Aercap Holdings' service—leasing aircraft across the globe while navigating debt and recovery

On May 15, 2023, I bought two shares of Aercap Holdings (AER) at $57 each. Not a big splash, just a small, intentional move into what I considered a classic post-recovery value play. No clickbait thesis here—just the comforting smell of jet fuel, discounted cash flows, and a balance sheet that was beginning to shed its pandemic baggage.

At the time, AER was trading at a P/E of around 6, which—even in an airline-adjacent industry—felt almost aggressively pessimistic. The market seemed stuck on 2020 while Aercap was back to doing what it does best: leasing planes globally, collecting steady cash flows, and refinancing its mountain of debt at increasingly normal rates.

Speaking of which, debt was still heavy (as you’d expect from a company leasing $70B+ worth of aircraft), but the trajectory looked manageable. The debt-to-equity ratio hovered around 3.0, but free cash flow was solid, and they were deleveraging quarter by quarter.

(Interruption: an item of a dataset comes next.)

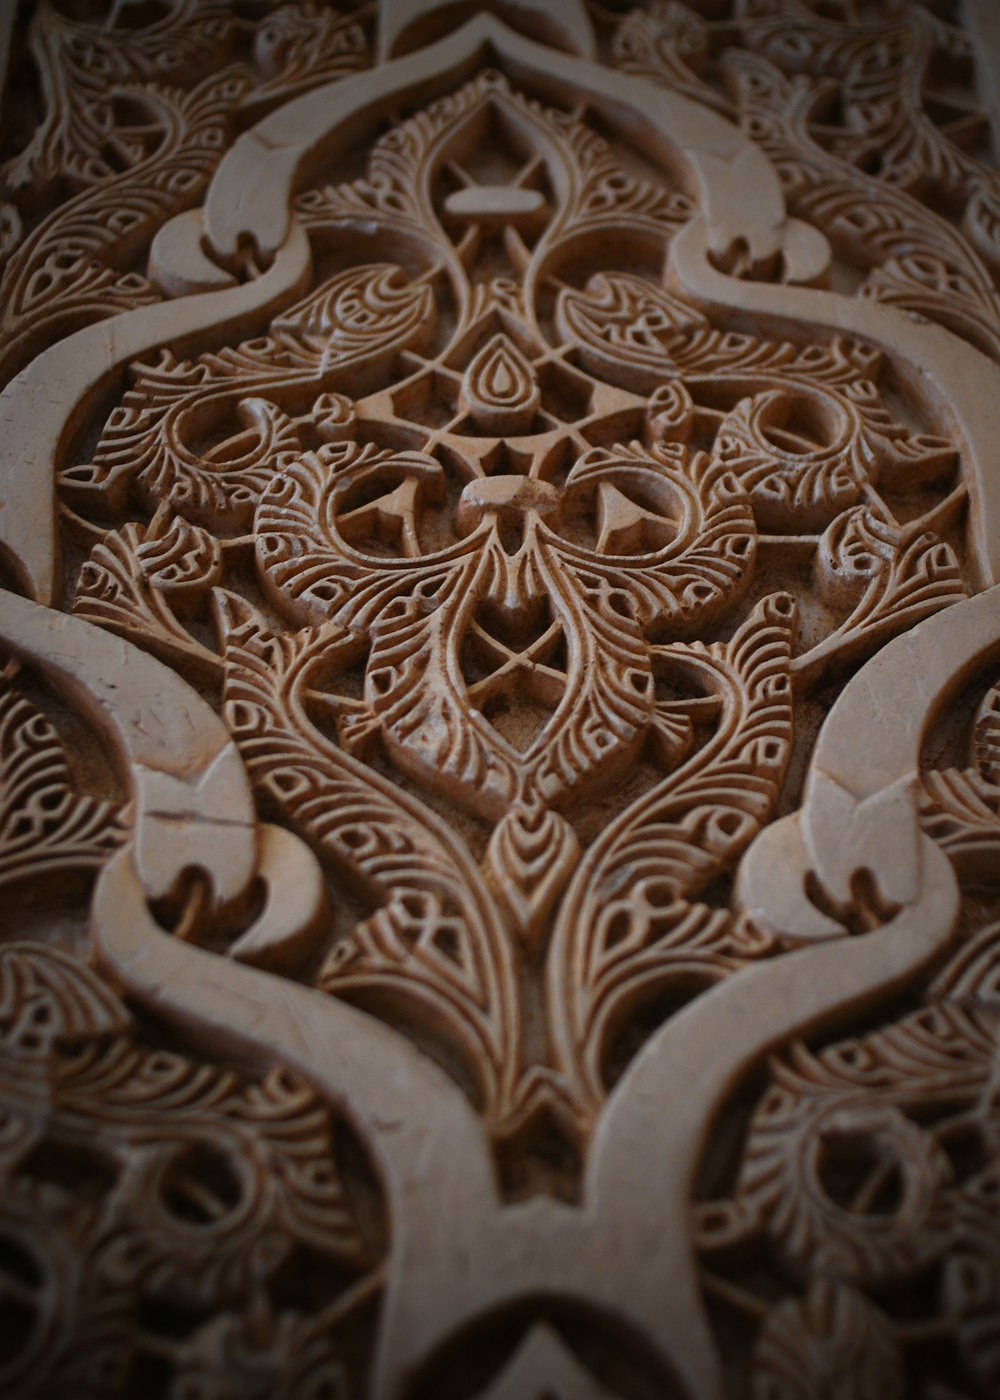 a close up view of a decorative tile

No dividend, which actually reassured me—this wasn’t a company pretending to be generous while still healing its capital structure. Instead, AER was focused on buybacks (a $500M repurchase program was in place) and chipping away at its AerCap-GECAS merger integration. Long-term revenue growth projections were modest but real: mid-single digits, driven by rising global demand for air travel and constrained new aircraft supply.

So I bought my two shares, intending to wait.

Fast-forward to June 6, 2025

Two years and change later, I sold one share at $115.95, more than double my entry price. That one sale booked a 103% gain on the half-position, which means my remaining share is now effectively free—a textbook example of what I call the “Double-Up Free Stock” strategy.

It’s simple: buy two, sell one when it doubles, and let the other ride. It’s not groundbreaking, but it works. This isn’t about maximizing returns—it’s about creating mental clarity. That last share now represents pure optionality. No sunk cost to justify, no capital to recover. Just upside (or a future loss I won’t beat myself up over).

Lessons?

  • Valuation matters. A low P/E isn’t always a trap—it can also be a time machine if you’re patient.
  • Debt can be okay—if it’s productive, well-structured, and shrinking.
  • Sometimes the best trades don’t need big narratives. They just need time, recovery, and a little bit of nerve.

I’ll hold the last share and see where AER goes. Maybe it becomes a long-term compounder. Maybe it plateaus. Maybe I forget I own it and rediscover it five years from now next to a forgotten REIT and a half-position in semiconductors.

But for now, I’m happy flying half empty.